My development as a subject working with competence, learning little by little how to manoeuvre the institutional settings was bound to the topic we worked with, competence, and so was the subjectivity of those I wished to influence. And more importantly, since the nature of this topic, competence, is highly profiled and prestigious, it also contains potential individual and social conflicts and hence becomes extremely sensitive to the way it is managed.

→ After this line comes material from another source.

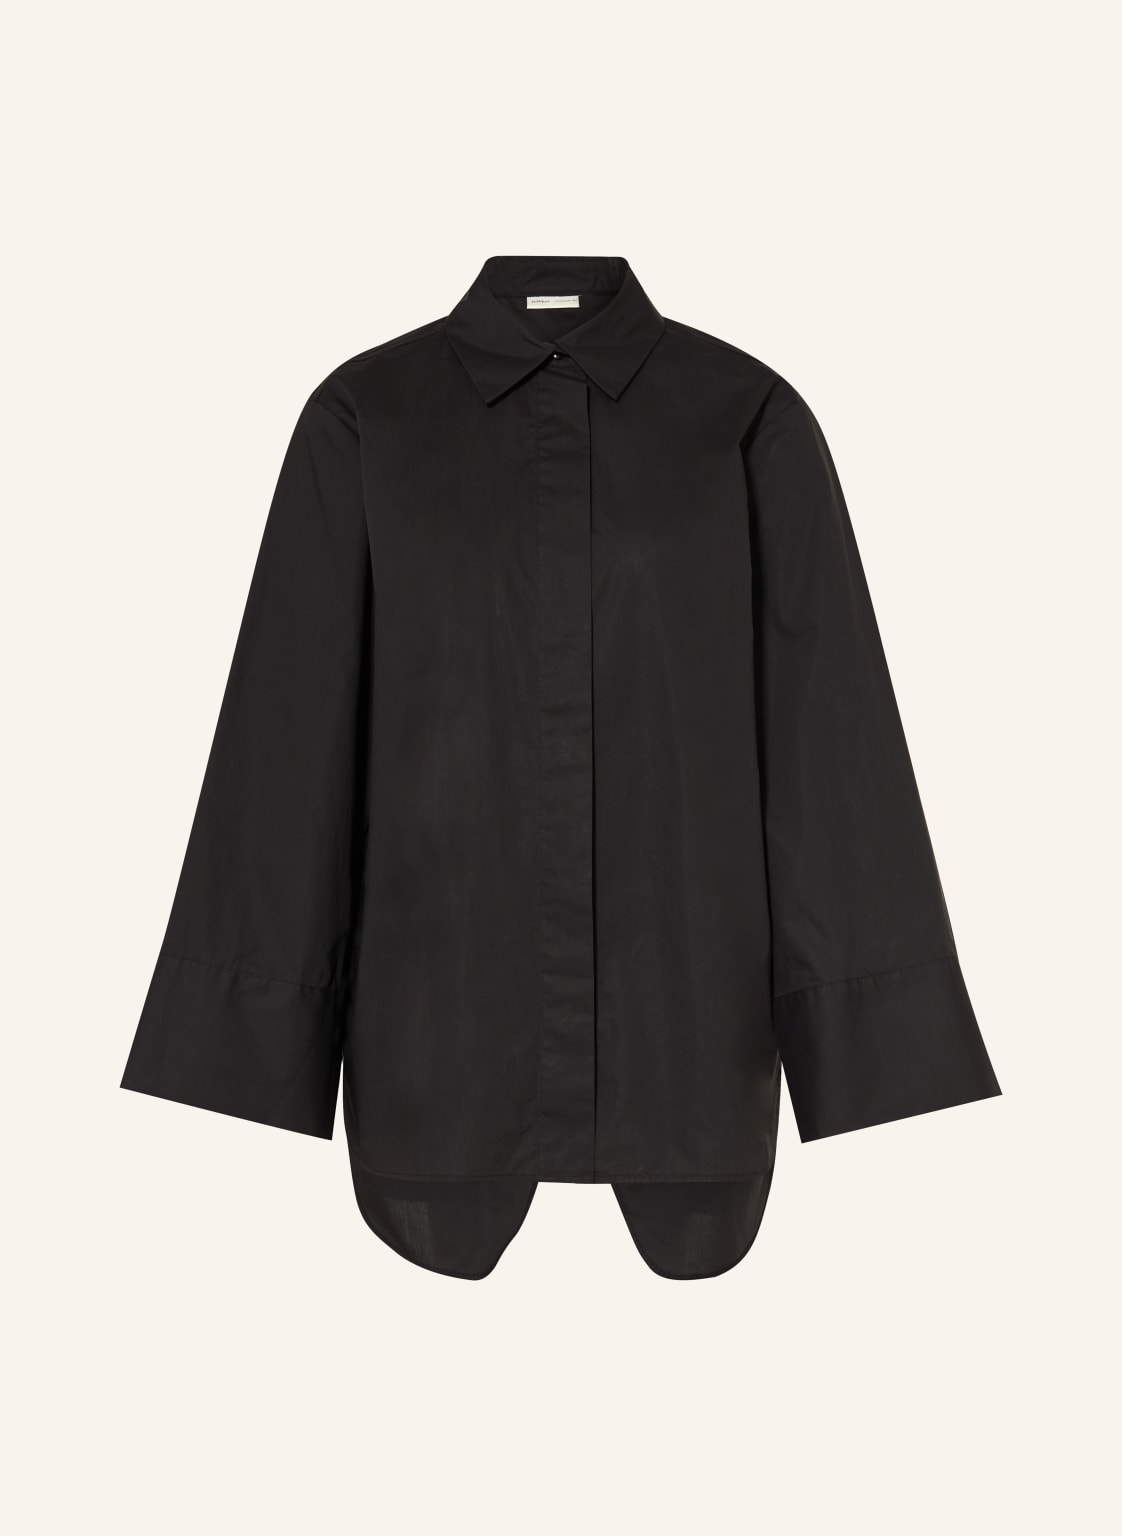 Inwear Hemdbluse Coletteiw Mit 3/4-Arm schwarz von InWear

By searching for actualisations I suggest that we need to see how new wholes arise from the fragments of the hole (i.e. how the competent subjects in the projectified organisation are given time and resources to create profit in order to gain access and be connected to the next project). In my view, describing how movements of competence multiply and disperse the human subject does not suffice. We should also account for how unities, temporary and fragile as they may be, arise from multiplicities. This is what I have shown throughout the text (i.e. by analysing the use of works councils, action learning, teams etc.) and here again by way of the CHE example. One of the time-places where whole and hole, unity and multiplicity meet and intersect is the event (Böhm 2003;Sørensen 2004). This should come as no surprise at this stage in the text after all I did “eventalise” my diagnosis in chapter IV. Yet we might recall how Foucault in his “questions of

method” (1994a:226f) quite clearly says that the singularity of the event and the multiplicity of causes hang together:

eventalization means rediscovering the connections, encounters, supports, blockages, plays of forces, strategies and so on, that a given moment establishes what subsequently counts as being self-evident, universal and necessary. In this sense, one is indeed effecting a sort of multiplication or pluralization of causes.

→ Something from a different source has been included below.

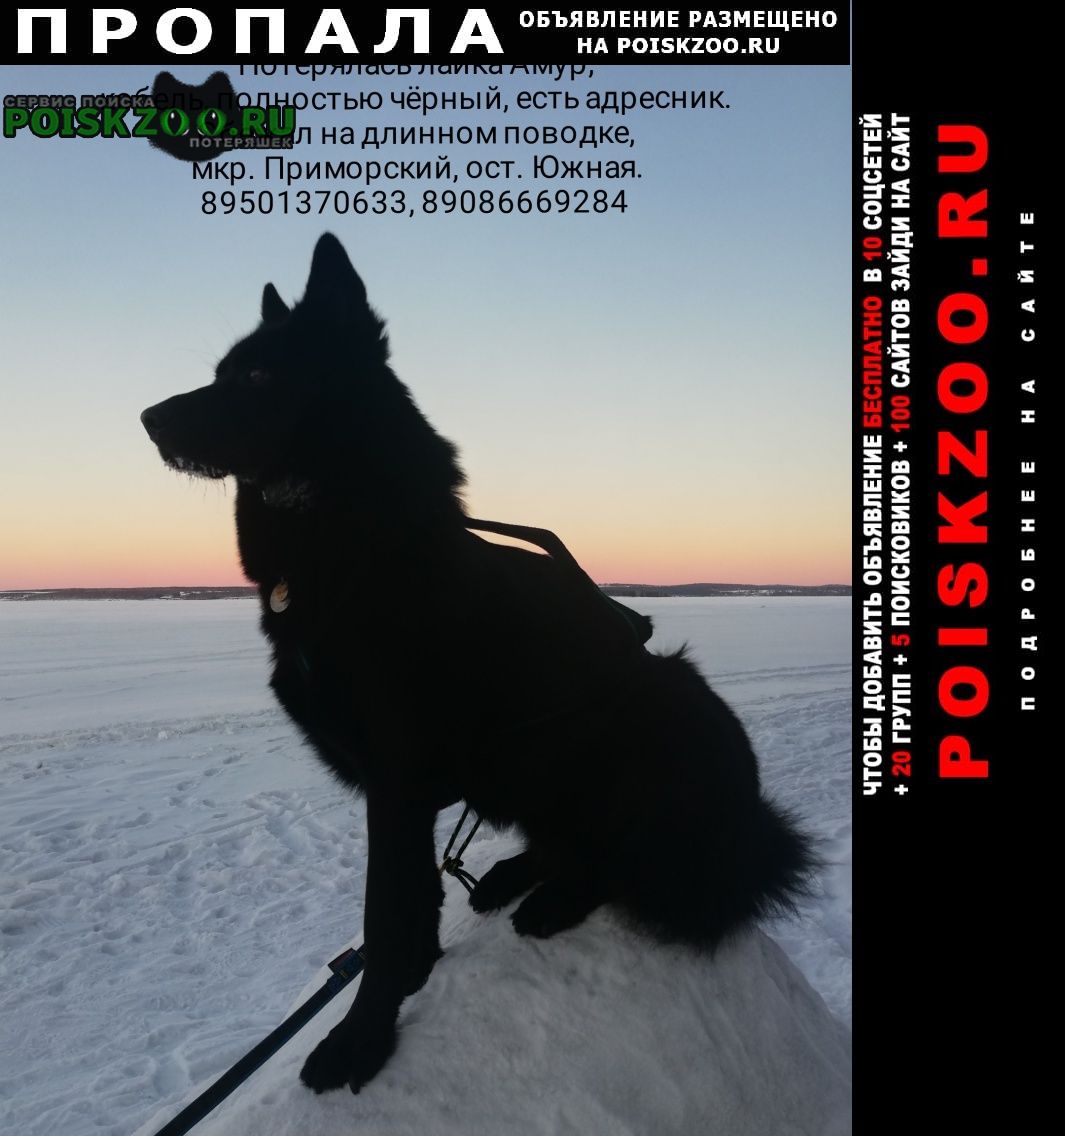 Иркутск Пропала собака кобель лайка чёрная ост. южная

Competence and subjectivity then are an explosive cocktail. They intensify one another. To be a competent working human being today is as Bauman (2000:32) formulates it a basic characteristic of the present: “Needing to become what one is, is the feature of modern living.” The role of the consultant in these processes of self-search and self-doubt is first and foremost to promote possible selves and possible futures and deliver the technologies needed for individuals to become competent selves in these futures. But as we saw in the stories from the CHE and the NERI the introduction of social technologies releases profound emotions and struggles. As a consequence the consultant becomes not only a “vendor of technologies” but also a “manager of human resistances”.